Live album by Blitzen Trapper
- Released: April 18, 2015
- Recorded: Doug Fir Lounge
- Genre: Rock
- Length: 36:00
- Label: Vagrant Records
- Producers: Eric Earley, Michael Van Pelt, & Paul Gold

Blitzen Trapper chronology
| Live In Portland (2014) | Live Harvest (2015) | All Across This Land (2015) |

= Live Harvest =

On April 18, 2015, Blitzen Trapper released Live Harvest for Record Store Day. Recorded on October 17 at the Doug Fir Lounge in Portland, Oregon at the end of the band's VII tour, Live Harvest is a song-for-song interpretation of Neil Young's 1972 album Harvest. The album was released as a 180-gram vinyl LP with a download card. The band launched a short tour in support of the record, including stops at several City Winery locations in New York, Nashville, and Chicago, in which they played Harvest in its entirety, as well as Blitzen Trapper songs.

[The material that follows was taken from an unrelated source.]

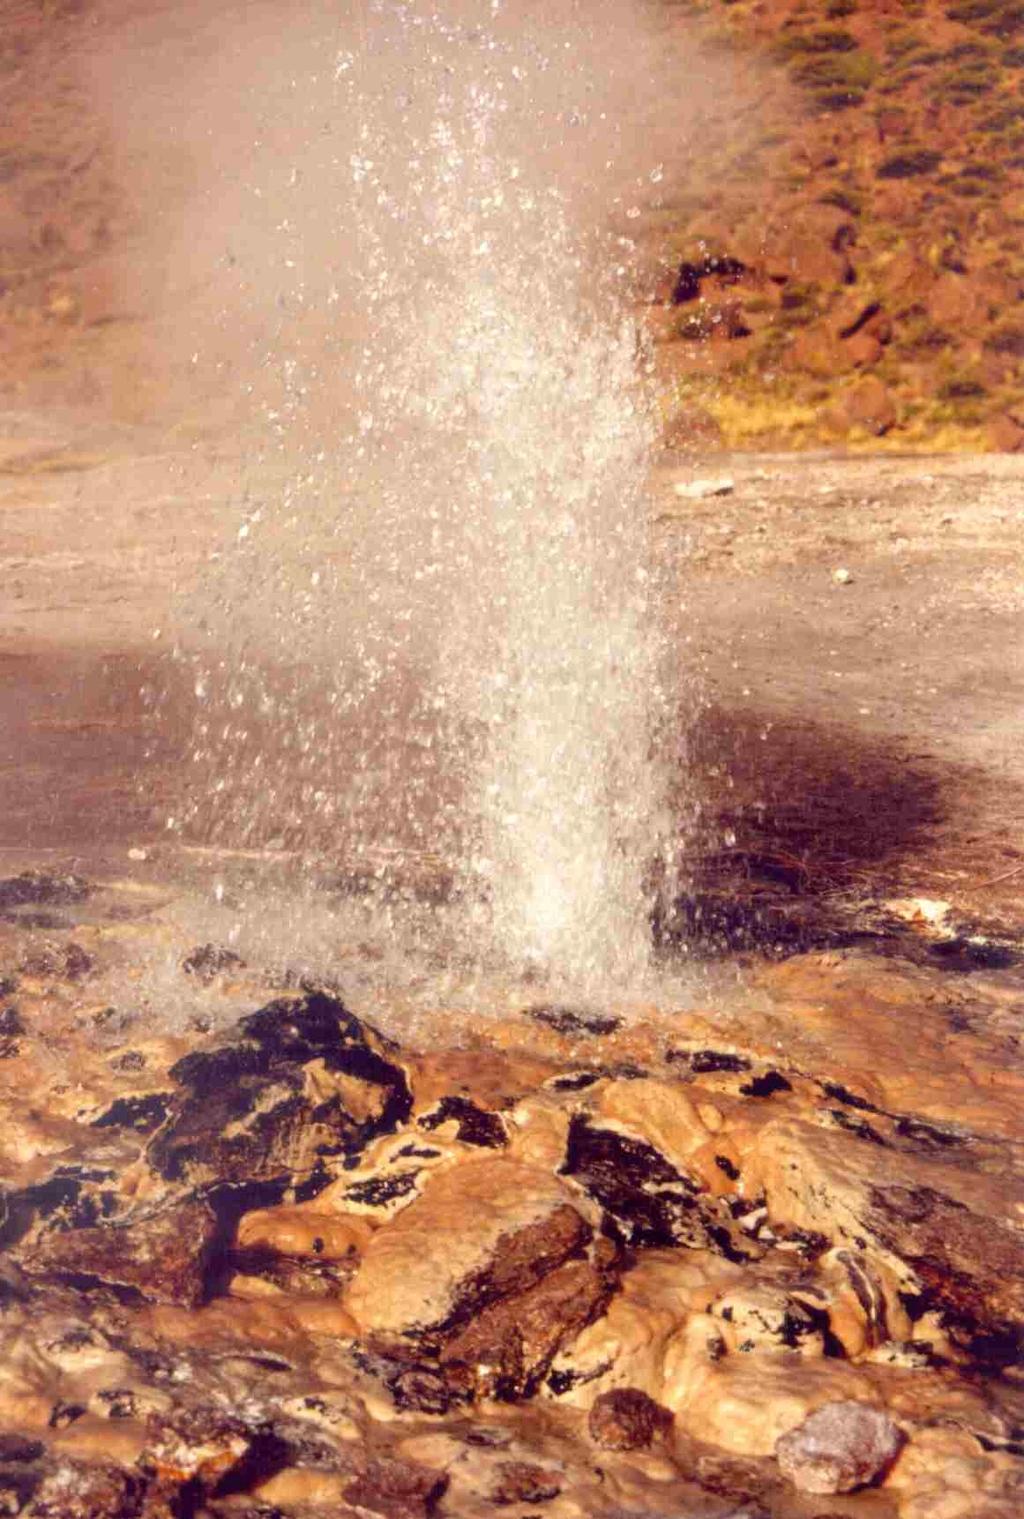 Agua-vapor o Tipo Agua-Dominante: Contienen agua presurizada a temperaturas mayores a 100ºC y pequeñas cantidades de vapor en las partes superficiales del reservorio

Blitzen Trapper's interest in Neil Young goes back before the band's inception: ""All of us have disparate tastes which comes out in our own stuff, but Neil Young is a common thread that’s run through all of our lives," bassist Michael Van Pelt stated, "I remember listening to Harvest on cassette in Eric’s mom’s car back in high school ... It’s a special record, and it gets pretty dark in spots, too. Darker than I remember." Lead singer Eric Earley elaborated, "I think we all knew the record before we even tried to play it. It’s one of those records that takes us to that place of comfort and nostalgia like The Dukes Of Hazzard or a Chevy Impala. It just feels good to play it."

Though the band had long been familiar with the original album, the conception for the cover album was spontaneous. Van Pelt said of Earley, "Eric just came in one day and said, ‘Let’s do Harvest at the Doug Fir,' ... We were all like, ‘Yeah!'" Unusually, Earley doesn't sing lead on every song on the album; keyboardist Marty Marquis - who has sung lead on the band's song "Jericho" - performs a stripped-down version of "A Man Needs a Maid," while drummer Brian Adrian Koch performs lead duties for the first time on a Blitzen Trapper record, on "The Needle and the Damage Done."

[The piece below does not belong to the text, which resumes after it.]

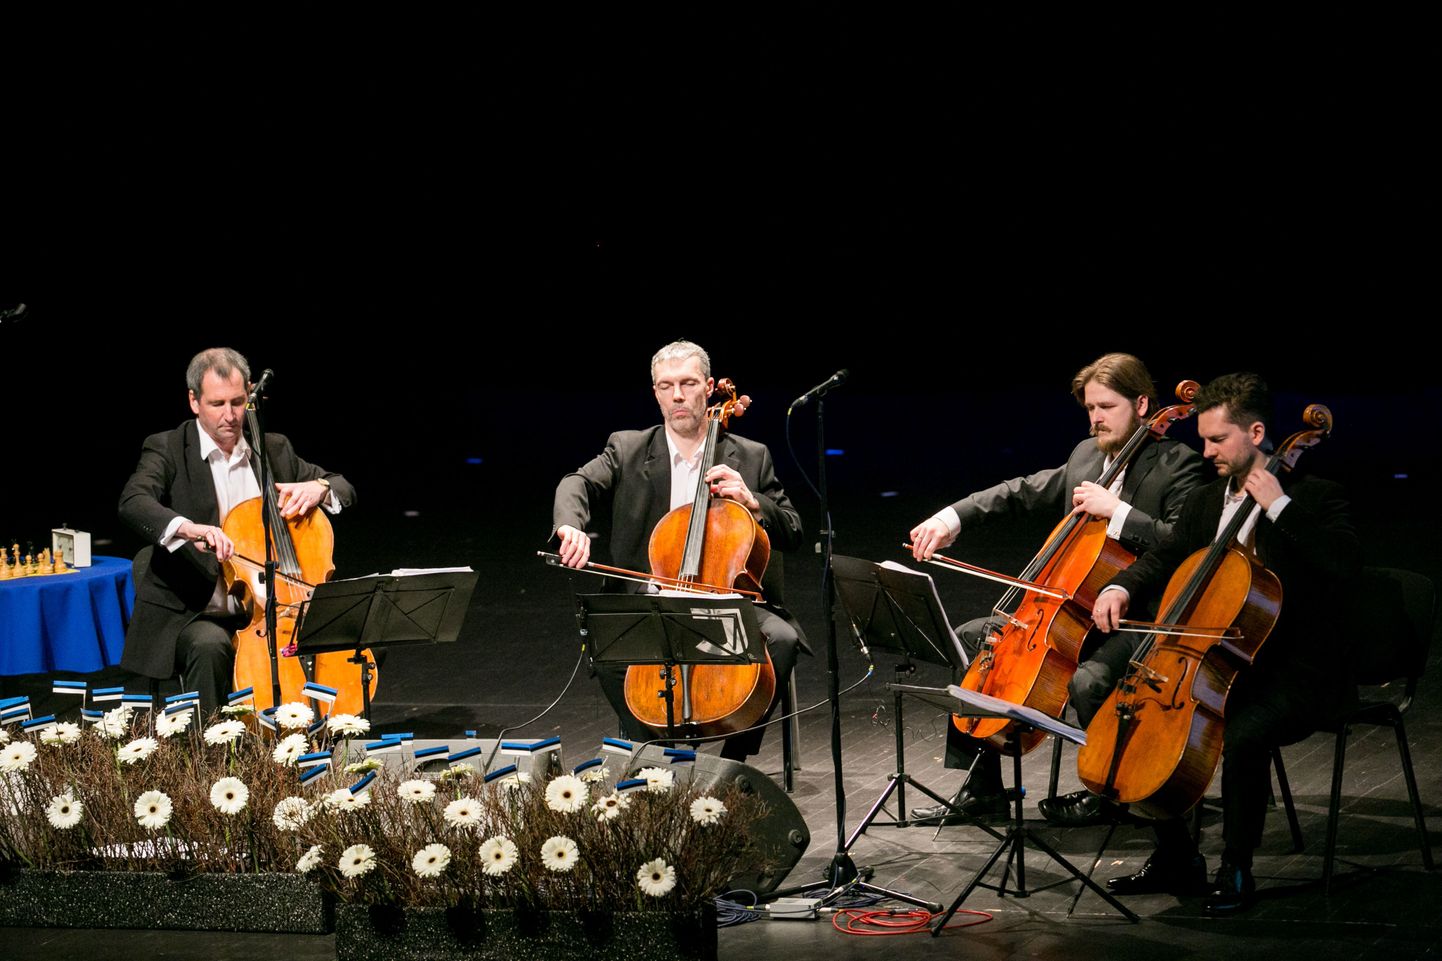 Festival lõpeb kontserdiga Valka kultuurikeskuses, kus esineb ka tšellokvartett C-Jam Eestist.

Website Stereogum teased the release with an exclusive premiere of the song, "Heart of Gold," eight days before the album's release. Stereogum called the track a "graceful rendition," stating that, "the band immaculately reconstructed [the song] from familiar components — the introductory wavering harmonica line, the chorus’ soaring slide guitar, and even the timid barn-door drumming ... It feels good to hear it."

==Reception==

Review site PopMatters gave the record seven out of ten stars, stating, "Blitzen Trapper ... [has] positioned themselves as the rough hewn renegades Young ... aspired to be ... Their live take on the album comes across as a tributes of sorts, a nod to Young as the forerunner of all that’s unpredictable and spontaneous when it comes to making music - i.e. the ability to defy expectations and his leave the public gasping with anticipation. That’s likely one reason they don’t play with the template. The arrangements remain true to the originals, sans the orchestration and cameos (Stephen Stills, James Taylor, Linda Rondstadt et al.) that helped accentuate the original recording. Given that formula, nothing can or does go astray. Live Harvest gives a classic album new life indeed."

Site KIJIS puts the album into perspective with Blitzen Trapper's larger career, stating, "To a certain extent, Blitzen Trapper's desire to retrace Neil Young’s fourth and arguably most famous album, Harvest provides some practical purpose; that is, to reestablish their Americana allegiance."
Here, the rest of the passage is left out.